We have developed a systems-biology approach to studying GvHD, using whole-transcriptome analysis of pathogenic T cells. Using computational methods, we have identified, for the first time, the transcriptional networks that drive primate GvHD, and that lead to its partial control through mTOR inhibition with sirolimus.
Methods: CD3+/CD20- T cells were purified flow cytometrically from 4 cohorts: (1) Healthy Controls (HC n = 15); (2) Auto-HSCT recipients (n = 3); (3) Untreated Allo-HSCT recipients who developed severe GvHD, (GvHD n = 4); and (4) Allo-HSCT recipients receiving sirolimus alone (Sirolimus n = 4). Purification of T cells and RNA was followed by primate-specific Affymetrix Gene Array analysis.
Computation: Gene array signals were processed using the Robust Multichip Averaging Method. Principal Component Analysis (PCA) revealed that variation was primarily determined by the experimental cohort (Fig1A). This result was critical, and confirmed that transcriptomics could be applied to identify genes and pathways controlling GvHD. Differentially expressed genes (DE) were defined, yielding unique and overlapping gene signatures, with 775 DE genes between GvHD and HC and 286 DE genes between Sirolimus and HC (Fig 1B). Finally, using Ingenuity Pathway Analysis (IPA) we characterized gene signatures according to molecular pathways (Fig 1C).
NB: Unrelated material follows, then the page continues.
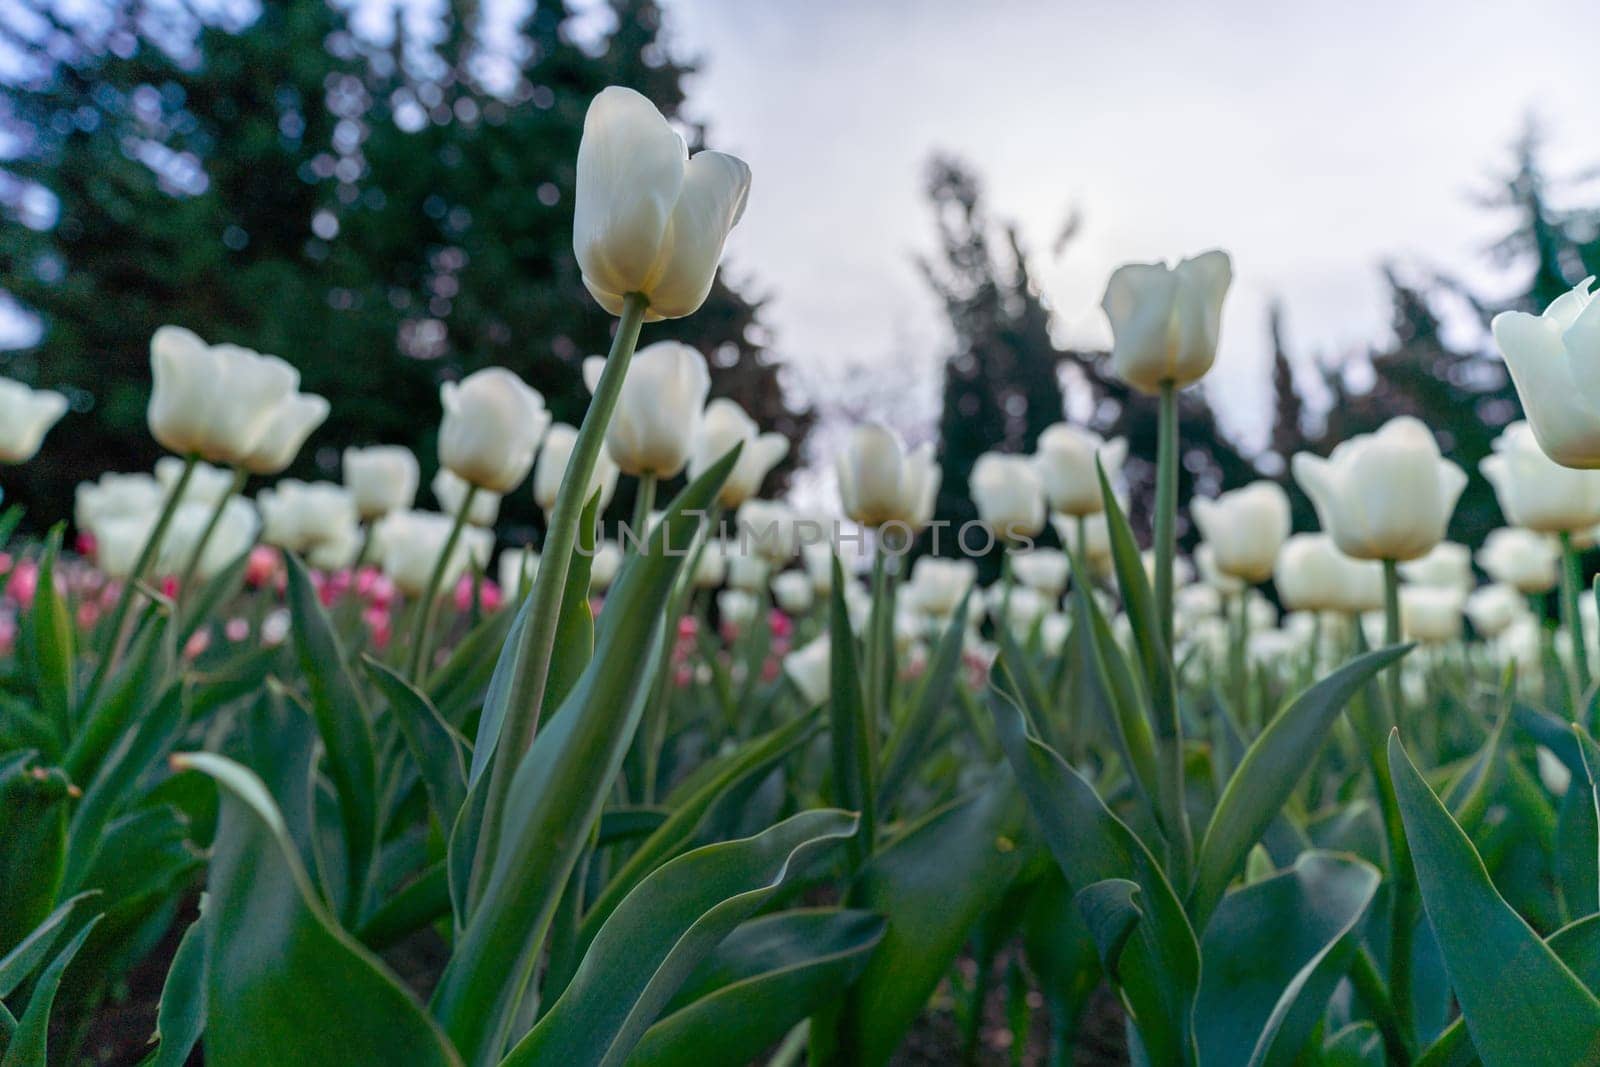 Tulip in a flower bed, white flowers against the sky and trees, spring flowers

Results: T cells from animals with severe aGvHD showed transcriptional signs of rampant proliferation and cytotoxicity, but also of cell death. IPA identified highly statistically significant upregulation of Cell Cycle as well as Cell Trafficking and Inflammatory Response networks (Fig 1C, p< 0.001) These networks contained some expected genes and some surprises. Thus, GvHD was associated with upregulation of JAK and IFN signaling (p < 0.001), but unexpectedly, was also associated with upregulation of the Sonic Hedgehog and Aurora Kinase A Pathways (p < 0.01). Both of these represent targetable pathways with clinically-available novel therapeutics.
Sirolimus resulted in partial downregulation of proliferation and cytotoxicity pathways. However, many genes and networks were shared between the Sirolimus and GvHD cohorts, indicating inadequately controlled activation. These prominently included upregulation of the FOXM1 and IRF8 transcription factors, involved in cell cycle progression and interferon signaling (p< 0.01), respectively. Both GvHD and Sirolimus also demonstrated upregulation of the CD28, CCR5, IL-12 and IL-17 pathways (p <0.05), all targetable with FDA-approved therapeutics (CTLA4-Ig, maraviroc, ustekinumab).
Conclusions: This is the first description of the primate GvHD transcriptome. This network approach has identified previously unappreciated genes and pathways associated with GvHD, for which several novel therapeutic strategies are immediately available for pre-clinical and clinical evaluation.